I'm the complete opposite nowadays, all this new junk....err 40k stuff just has me shaking my head, so it don't bother me


----------



## shaantitus (Aug 3, 2009)

I have been trying to slow down anyway. I went through a stage where I had almost 600 infantry in varying states of incompleteness. I have dealt with most of that over the last few years and am down to about 9 marines, 10 necrons, 18 demonettes,6 seekers, 5 bikes and 5 oblits to complete. I have finished all my big projects and have 2 more coming, a peturabo conversion and thunderbolt conversion. I am purposefully taking it slow and trying to avoid the new developments. I never want that much unpainted grey on my desk again.


----------



## JAMOB (Dec 30, 2010)

A little bit. I'm actually going into fantasy a bit (Wood Elves FTW!) because of how crazy everything is. I'll still play (even expanding my IG) but until either theirs or the BA codex comes out, I'm going to be slowing down a great deal with 40k.


----------



## Kreuger (Aug 30, 2010)

I can't say I'm overwhelmed with GW products. I have a couple of units and vehicles to paint. I'm mostly buying things I look forward to painting when I have free time again. 
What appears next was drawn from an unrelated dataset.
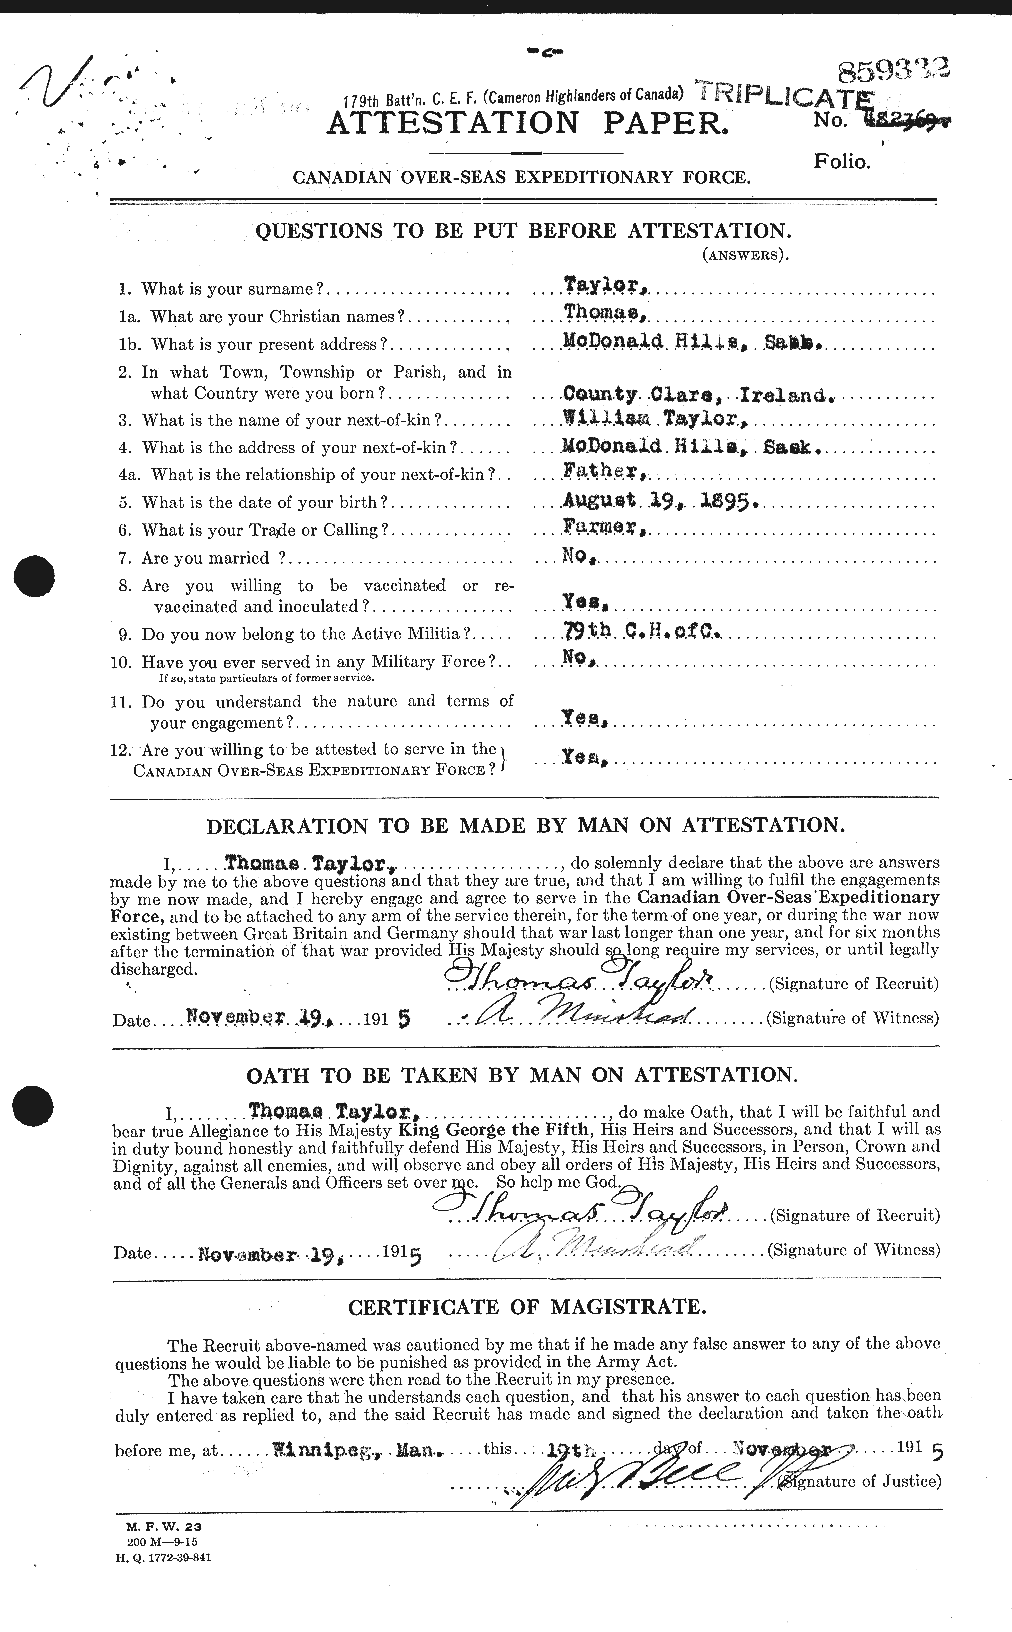 Dossiers du Personnel de la Première Guerre mondiale - CEC 627954a
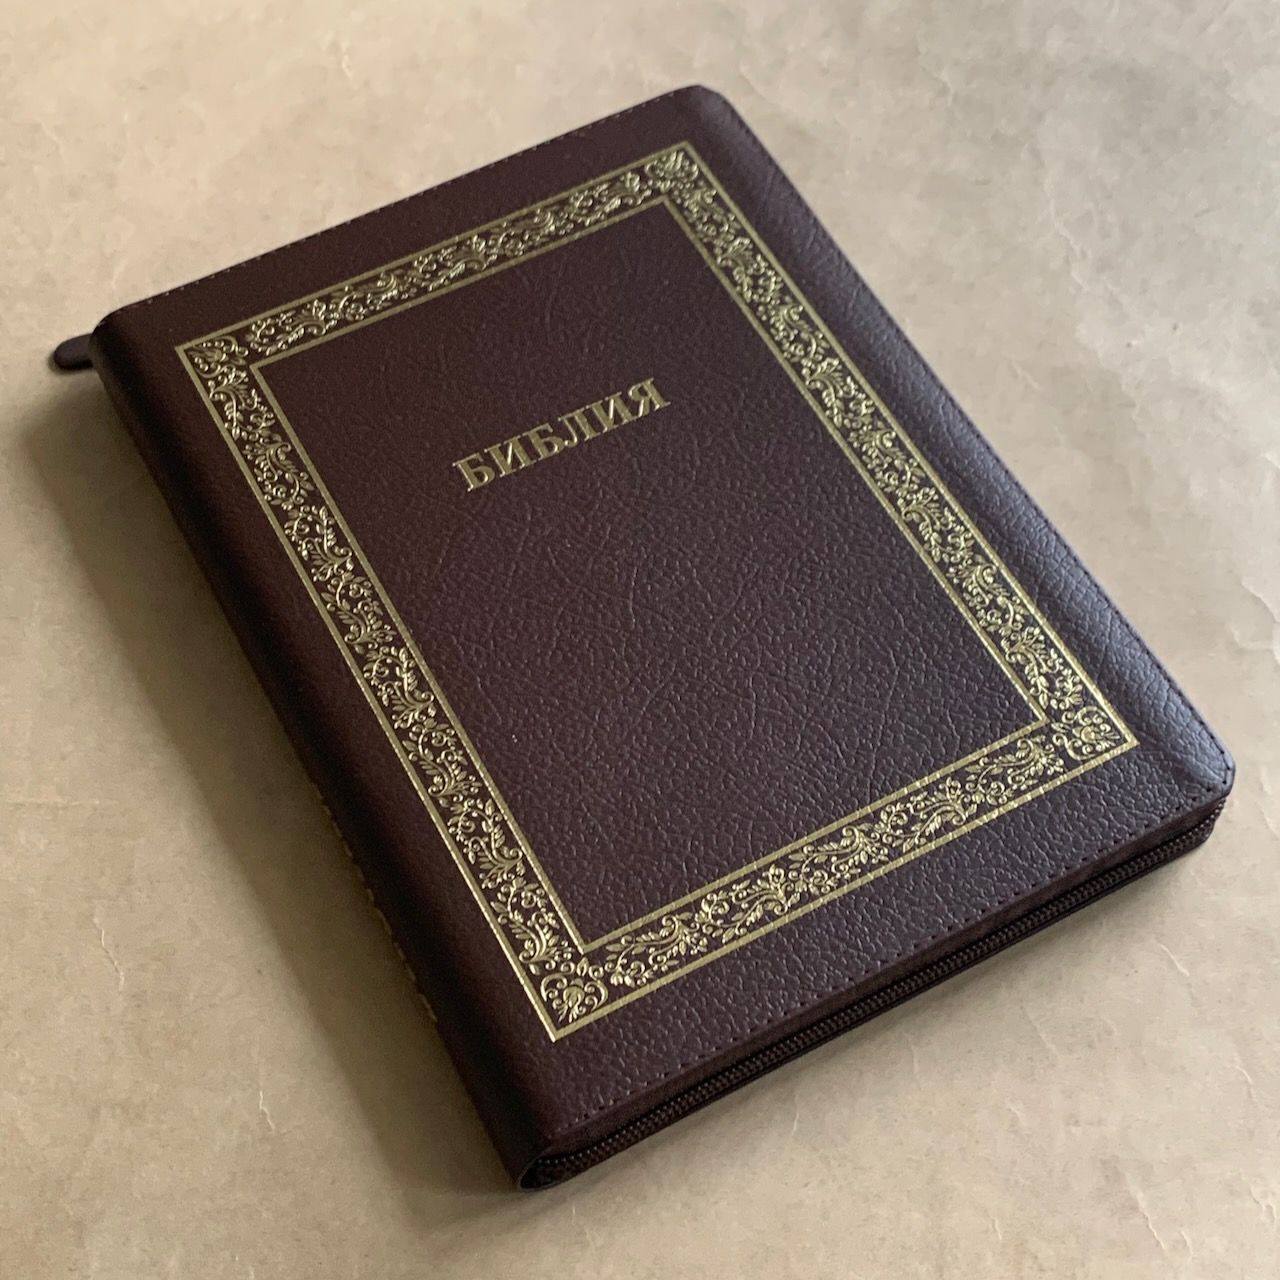 Библия 076z код B2, дизайн "золотая рамка растительный орнамент", кожаный переплет на молнии, цвет коричневый пятнистый, размер 180x243 мм

I think GW is finally producing products as fast as the gamers said they wanted them. 

Seems ironic to be overwhelmed when players have been calling for this rate of production for years.

I feel somewhat left behind by forge world, but that's only because I can't justify the expense of the books, minis, and shipping. But they are awesome.


----------



## Varakir (Sep 2, 2009)

I'm the opposite at the moment - usually i like to do one project at a time but i currently have about 6 on the go.

I've started playing games again though, so that's the main reason. Modelling and painting are still my first love, but a fun game with some mates now and again certainly spurs me on.


----------



## Ddraig Cymry (Dec 30, 2012)

I've got college occupying my time right now, so projects and friends take more precedent than 40k (also partly because, without a car, I can't really attend gatherings or get to a game store easily). I'm not really fatigued with it though, I still lay on my bed and read the Chaos Marine codex about every night, thinking of new lists and tactics. I'm happy 40k is expanding (very happy to see the Night Lords are getting Forge World love, finally), but I understand the point. It's almost like missing an episode of a television show, you're scrambling to not only find time for the new episode but also to rewatch the old one before hand.


----------



## fatmantis (Jun 26, 2009)

im not to overwhelmed, as i dont ever feel the need to RUSH out and buy the latest. although im starting to not like the way the game is going..just to much twin linked and re-rolls for this and that is starting to make it boring for me. 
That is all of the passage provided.